The former executive creative director's next destination is unknown at the moment.
After spending a little over two years at the agency, Karan Rawat, executive creative director, Grey India, Mumbai, has put in his papers.
At Grey, he was given the mandate to handle the Mumbai art department and set up the entire Mumbai team. "It was a big responsibility and I had a great, successful stint at Grey. It was just a personal decision to move on," he says.
About his next move, Rawat says he is still in the process of evaluating his options. Though largely known for his work on the Killer Jeans account (while at Enterprise and then later at Grey), some of the other key brands he worked on at Grey include Reliance Communications, Parle Wafers, Adani Group (Shantigram), Bharati Axa and Killer Deodorant.
An alumnus of J J Institute of Applied Arts, Mumbai, Rawat has more than 16 years of experience in the advertising industry. He started out with McCann Erickson as a visualiser and, after one year, moved on to JWT, where he worked as senior art director for five years. Then, Rawat joined Enterprise Nexus (Bates India) where he worked as creative director for six years.

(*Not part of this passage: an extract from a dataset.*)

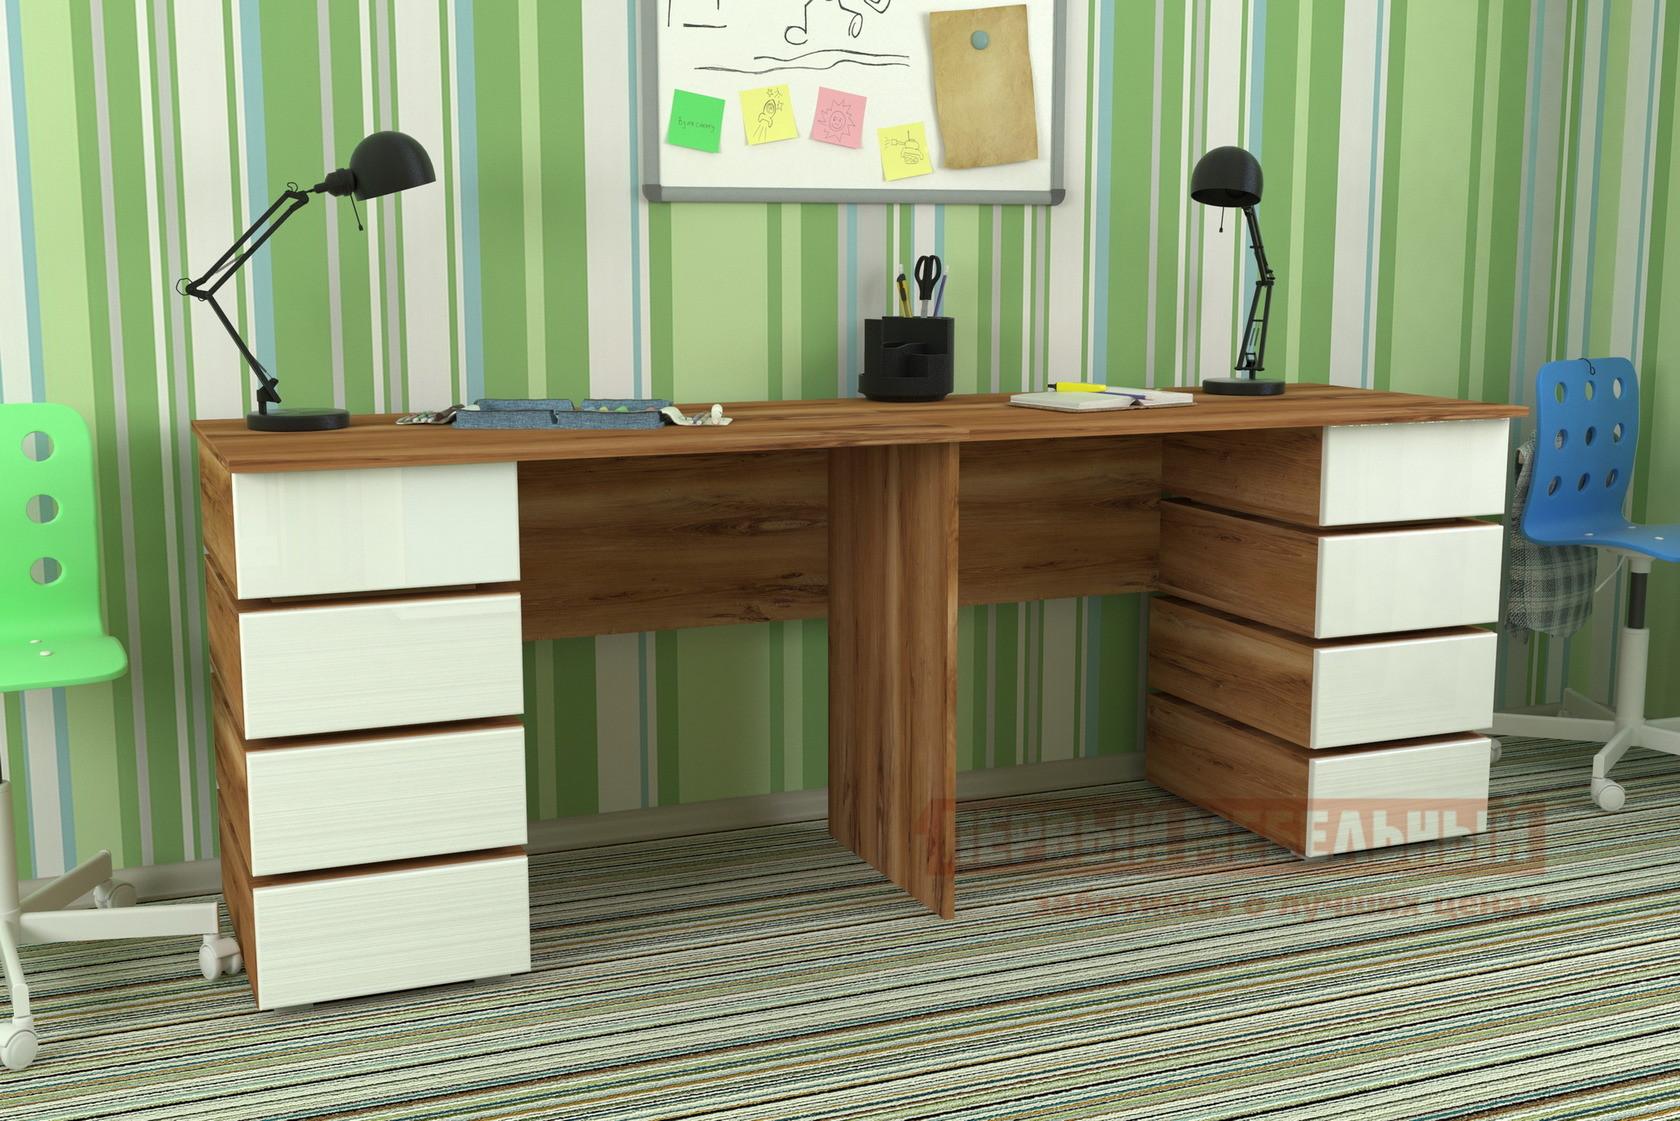 Письменный стол Мебелеф Письменный стол «Мебелеф – 18»

Then, for about a couple of years, Rawat worked as an independent creative consultant on the Killer Jeans and Easies accounts. After that, in mid-2010, he joined Grey as executive creative director.
Overall, in his career so far, he has worked on brands such as Easies, Times of India, Femina, Ravissant, ICICI Credit Cards, Smirnoff, Coke, Fanta, Inorbit Mall, Mother's Recipe, Filmfare, NECC, Parle-G, Bajaj Alliance, Audi, Kinderjoy, Nutella, Ferrero Rocher, Honda Brio, Lucky Strike (ITC), Servo 4t and Vimal.
Interestingly, Rawat also holds a degree in film making from New York Film Academy (NYFA), USA.
In fact, he has worked very closely with Ram Gopal Varma as director's assistant (or DA) in the creative department for the film Sarkar Raj. His work involved character design, song sequences, montages and development of scenes.
He has also directed a short film (of 10 minutes) called 'Phobia' at the New York Film Academy (NYFA).